Higher concentration of sFlt1 with concomitant decreased circulating endothelial progenitor cell levels along with inappropriate attenuated vascular endothelial growth factor levels may imply an angiogenic imbalance that exists even after recovery and may thus predispose to PPCM. In addition, tissue Doppler imaging and 2D strain were able to identify residual myocardial injury in post-PPCM women with apparent recovery of LV systolic function. Both angiogenic imbalance and residual myocardial injury may play an important role in the recurrence of LV dysfunction during subsequent pregnancies.
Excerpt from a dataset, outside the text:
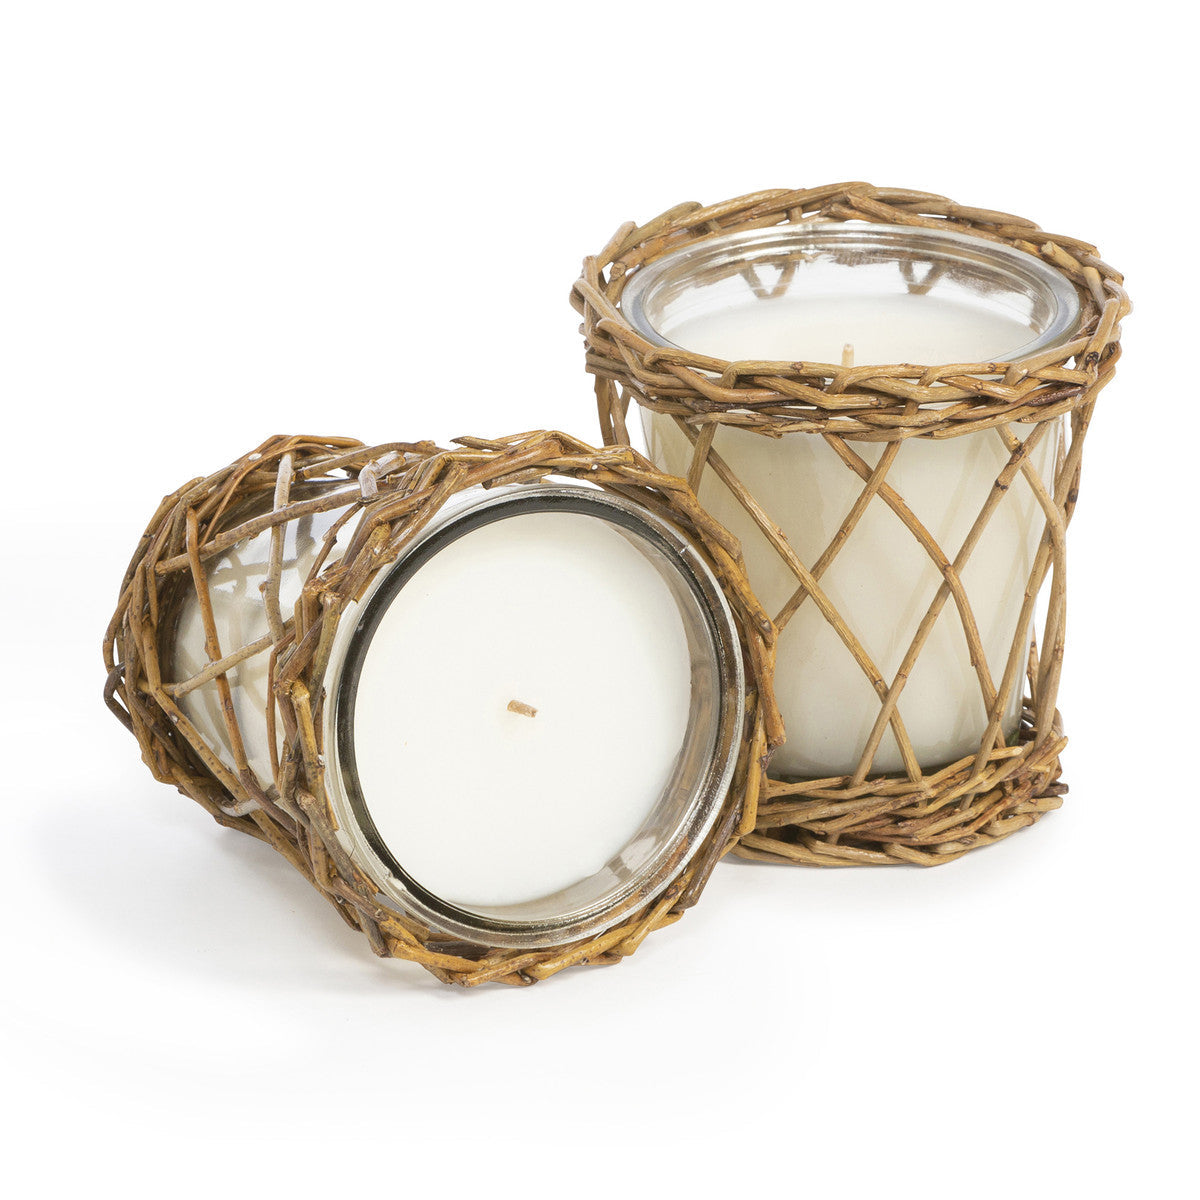 Country French Lavender Willow Candle

近期研究表明,孕期血管生成失衡可能导致急性围产期心肌病(PPCM)。我们提出,即使在PPCM恢复后,血管生成失衡和残余心脏功能障碍可能依然存在。
本研究纳入了29例PPCM发病至少12个月后左心室(LV)射血分数恢复(≥50%)的女性患者(平均年龄35±6岁,LV射血分数61.0±3.9%)。测量循环内皮祖细胞(EPCs)数量以及促血管生成的血管内皮生长因子和可溶性血管内皮生长因子受体Flt1(sFlt1)的血浆水平。所有患者均接受了包括组织多普勒成像和二维(2D)应变超声心动图在内的全面心功能评估。所有测量结果均与健康对照进行比较。与对照组相比,有PPCM病史的患者sFlt1浓度显著更高(中位数[第25 - 75百分位数];149.57,[63.14 - 177.89]对20.29,[15.00 - 53.89] pg/mL,P<0.001),血管内皮生长因子/sFlt1比值显著降低(P = 0.012),循环CD34/KDR水平有降低趋势。此外,通过组织多普勒成像,PPCM患者的室间隔E'早期速度较低(9.9±2.1对11.0±1.5 cm/s,P = 0.02),室间隔收缩期速度S'显著更低(7.6±1.2对8.5±1.2 cm/s,P = 0.003)。与对照组相比,PPCM患者的LV整体纵向应变(-19.1±3.3对-22.7±2.2%,P<0.001)和心尖圆周2D应变(-16.6±4.9对-21.2±7.9,P = 0.02)显著更低。
sFlt1浓度升高,同时循环内皮祖细胞水平降低以及血管内皮生长因子水平不适当衰减,可能意味着即使在恢复后仍存在血管生成失衡,这可能是PPCM的易感因素。此外,组织多普勒成像和2D应变能够识别LV收缩功能明显恢复的PPCM后女性患者的残余心肌损伤。血管生成失衡和残余心肌损伤在随后妊娠期间LV功能障碍复发中可能都起重要作用。